● **Problem statement**
Produce a verbatim copy of the data below that contains no pictures.

● **Collected data**
______________________________

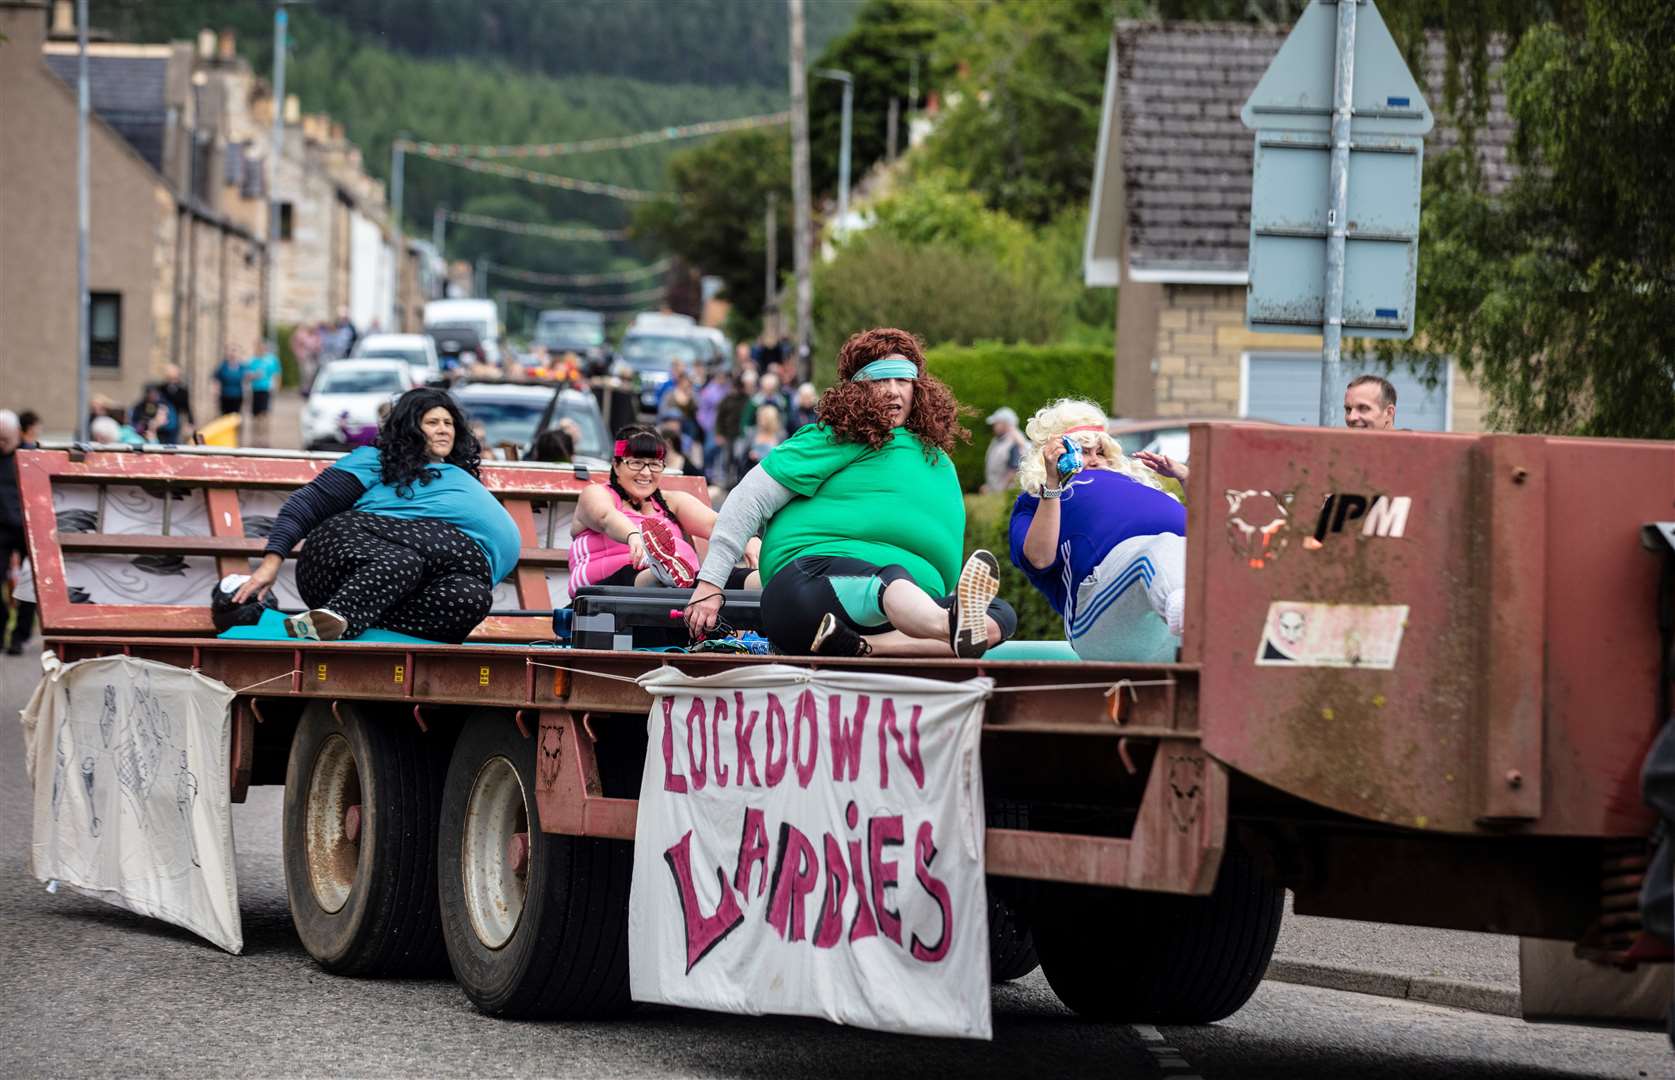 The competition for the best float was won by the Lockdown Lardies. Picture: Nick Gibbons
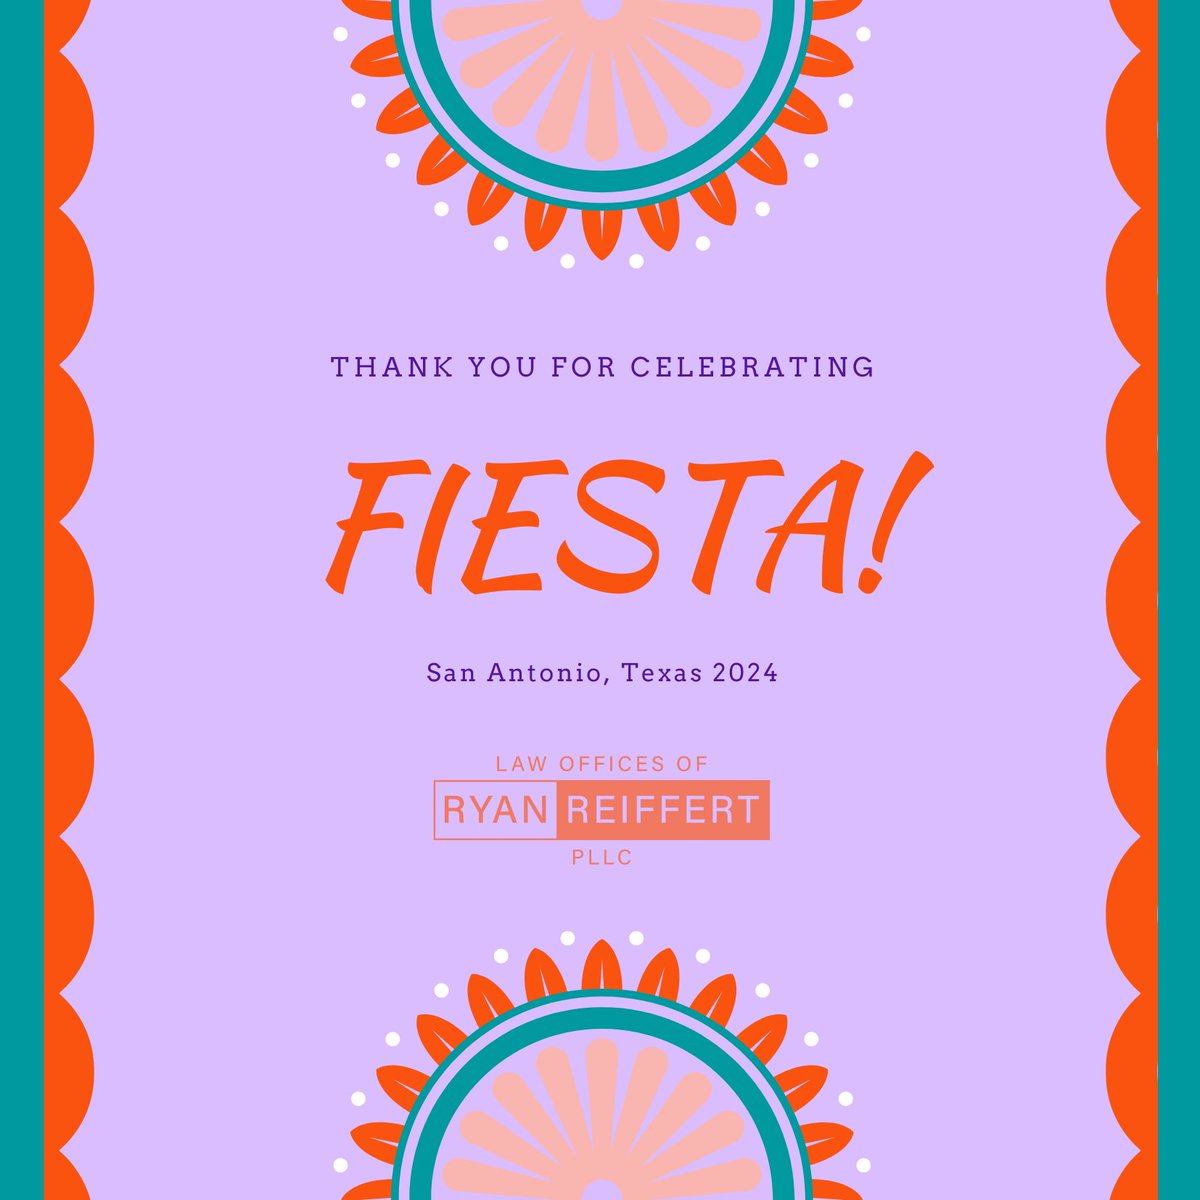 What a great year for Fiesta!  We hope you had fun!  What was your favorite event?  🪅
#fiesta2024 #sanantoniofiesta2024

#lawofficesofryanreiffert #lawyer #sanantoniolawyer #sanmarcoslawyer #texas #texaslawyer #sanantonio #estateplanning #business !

______________________________

● **Finished exercise**
 The competition for the best float was won by the Lockdown Lardies. Picture: Nick Gibbons
 What a great year for Fiesta!  We hope you had fun!  What was your favorite event?  🪅
#fiesta2024 #sanantoniofiesta2024

#lawofficesofryanreiffert #lawyer #sanantoniolawyer #sanmarcoslawyer #texas #texaslawyer #sanantonio #estateplanning #business !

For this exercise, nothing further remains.